For many of us, weight isn’t just a number as it’s supposed to be. It is something that has a strong grip on our lives and self image. However, knowing certain significant facts about what is actually happening when that scale is not moving despite your best efforts, can keep you motivated, no matter the number on the scale.

Weight Loss:

Generally, when we talk about losing weight, we usually mean trying to slim down, lose fat in certain problem areas like hips, belly and arms. What we fail to keep in mind is, this doesn’t always mean a drop in weight off the scale.

As strange as it may sound, it is possible to get fit without your weight changing or barely reducing. This happens when you gain muscle and lose fat from your body. You land up losing inches, a sign that you’re on the right track.

What exactly does the scale tell you?

  • Body weight: The scale shows your weight, which includes your bones, muscles, fat, organs. The scale cannot differentiate between muscle and fat.
  • Doesn’t reflect your health: Since the scale cannot tell muscle apart from fat, a person can have low body weight but have high levels of body fat, which is undeniably not healthy.
  • It doesn’t show the internal changes: So, you have built lean muscle while strength training, and lost lot of body fat, but the scale doesn’t portray that. It may be stuck on the same number, even though you’re getting slimmer overall.

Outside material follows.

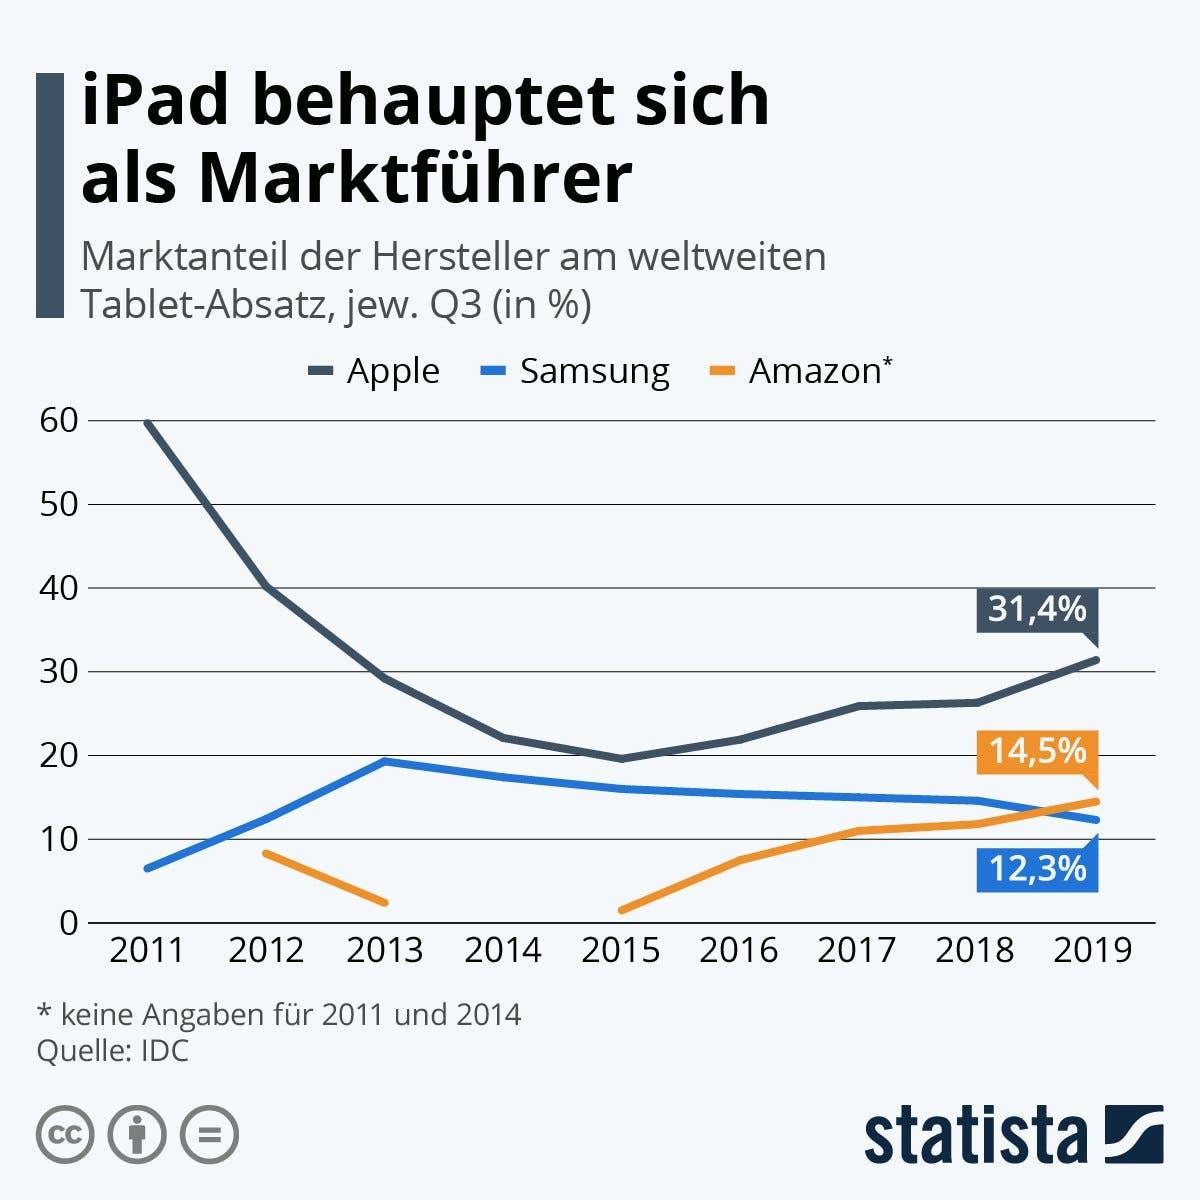 Apple iPad 10 Jahre Marktanalyse

Additionally, you may notice weight fluctuations every couple of days or in a single day itself, due to water retention, hormonal changes or the food you have eaten. Of course, the scale cannot identify all that and hence just shows a higher or lower number, making you excited or upset in an instant.

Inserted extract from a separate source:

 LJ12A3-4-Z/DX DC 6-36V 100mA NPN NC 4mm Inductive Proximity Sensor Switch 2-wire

Change the way you track your success:

If you still want to weigh yourself, ensure that this is just one of the ways for you to keep a check on your progress. Other suggested ways are:

  • Inch loss: This suggests that your body is going through a recomposition. Simply put, you are losing body fat, which takes up a lot of space, and gaining muscle, which takes up less space. This is much more important than losing weight on the scale because improving your body composition results in your metabolism undergoing a positive change. Your body begins to burn calories, even at rest, thanks to the muscle!
  • Body composition: Check your body fat through a body composition analysis, so you have a more concrete goal to work towards.
  • Performance goals. Instead of focussing on only losing weight, challenge yourself regularly- how many push ups can you manage, how long can you plank or work towards mastering a challenging move. In the process, you gain strength, endurance and not to forget, patience and perseverance!

What to avoid doing:

  • Going overboard on your diet and workout– Just because the scale hasn’t moved favourably, don’t punish your body by starving or overworking. You may land up injured or sick, throwing you off track for weeks or even months.
  • Ignoring your health– One of the biggest errors that people commit in the race to drop the weight is taking up fad diets as quick fix. They are definitely not sustainable and will certainly wreak havoc with your body in the long run.

Remember, you are making lifestyle changes, so just enjoy the journey. If the number on the scale is driving you up the wall, just take a break from it! Your weight isn’t the only measure of how far you’ve come. Put away the scale and browse through a couple of your older pictures to compare…Those definitely won’t lie!